[[ SUPPLIED DATA, beginning ]]

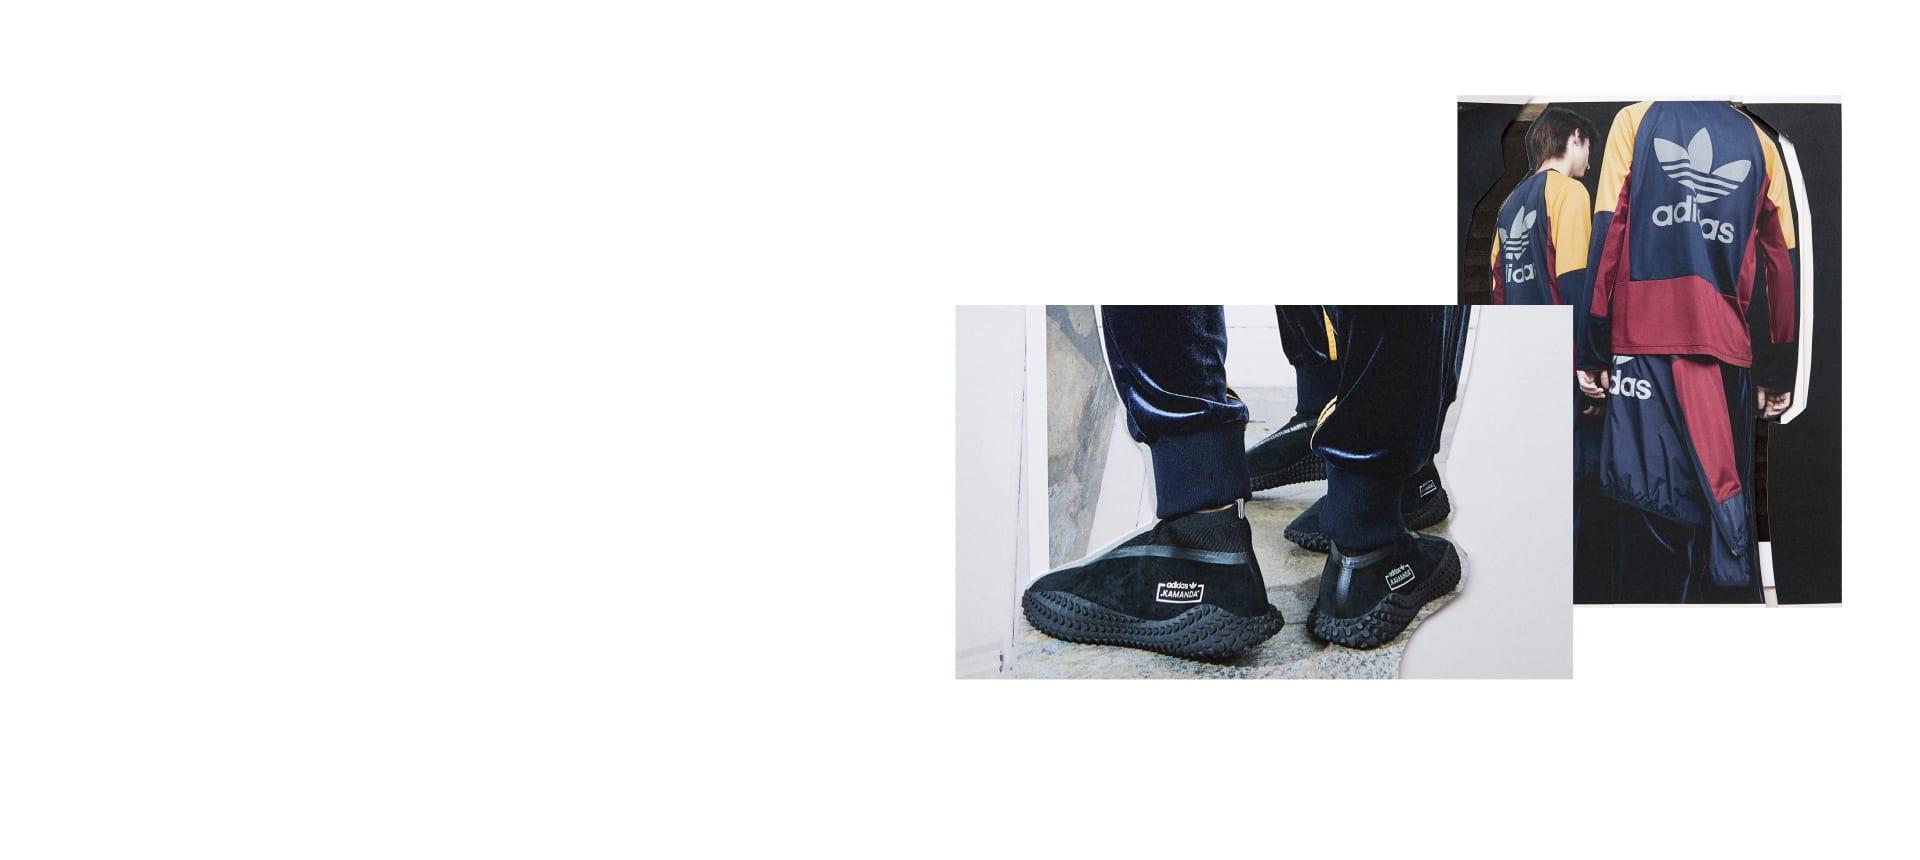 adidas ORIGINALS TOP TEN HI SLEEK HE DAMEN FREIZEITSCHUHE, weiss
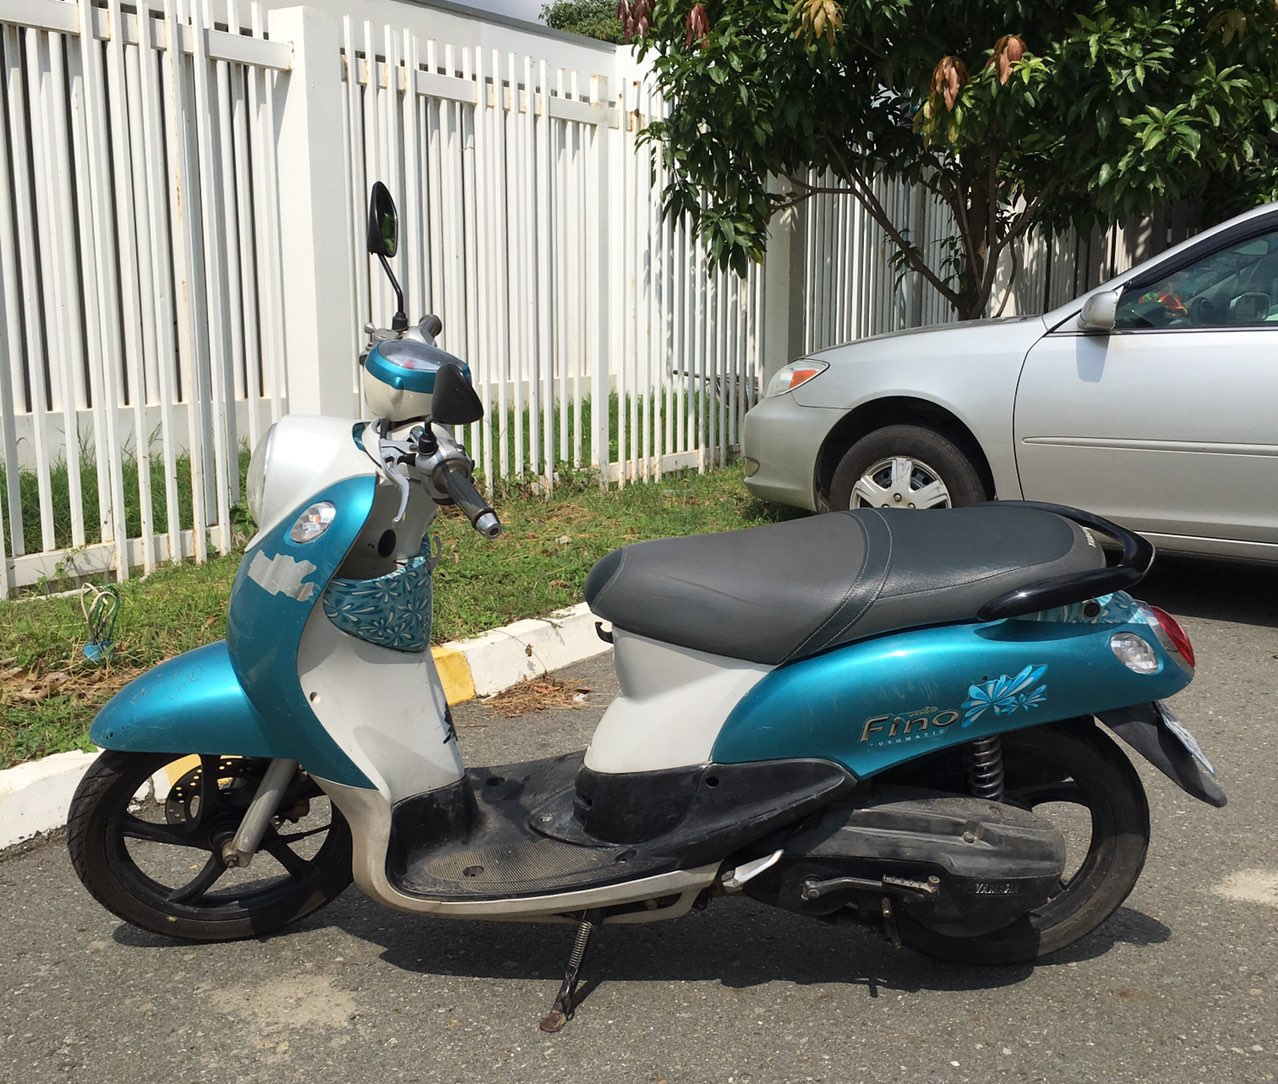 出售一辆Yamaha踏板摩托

[[ SUPPLIED DATA, end ]]
[[ SUPPLIED DATA, beginning ]]

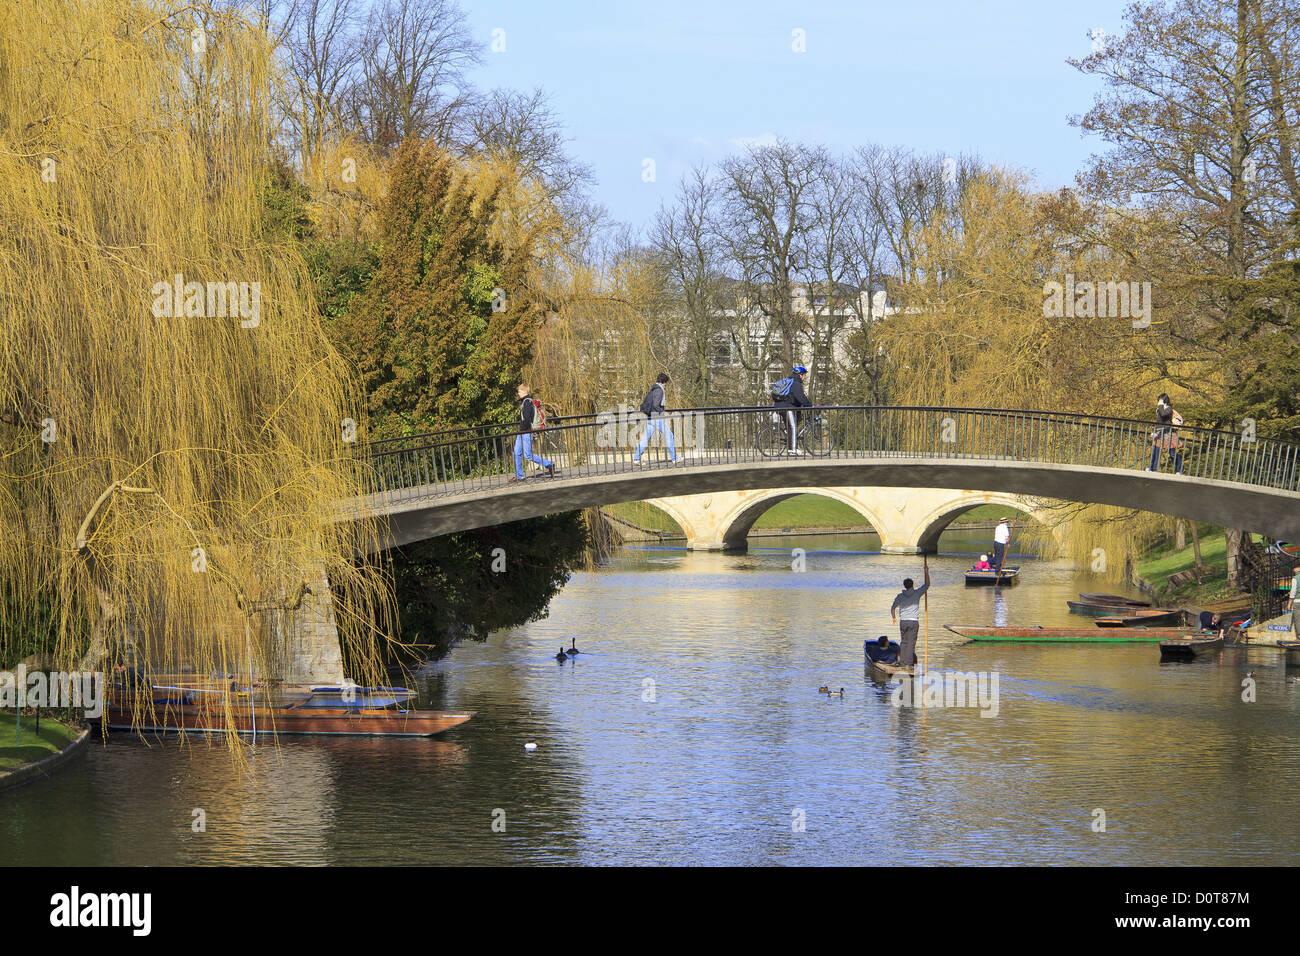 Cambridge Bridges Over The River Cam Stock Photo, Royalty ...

[[ SUPPLIED DATA, end ]]

◆ **EXERCISE DESCRIPTION**
From the line containing "adidas ORIGINALS TOP" through the line containing "出售一辆Yamaha踏板摩托", copy every line above exactly, without pictures.

◆ **ANSWER FOR THE TASK**
 adidas ORIGINALS TOP TEN HI SLEEK HE DAMEN FREIZEITSCHUHE, weiss
 出售一辆Yamaha踏板摩托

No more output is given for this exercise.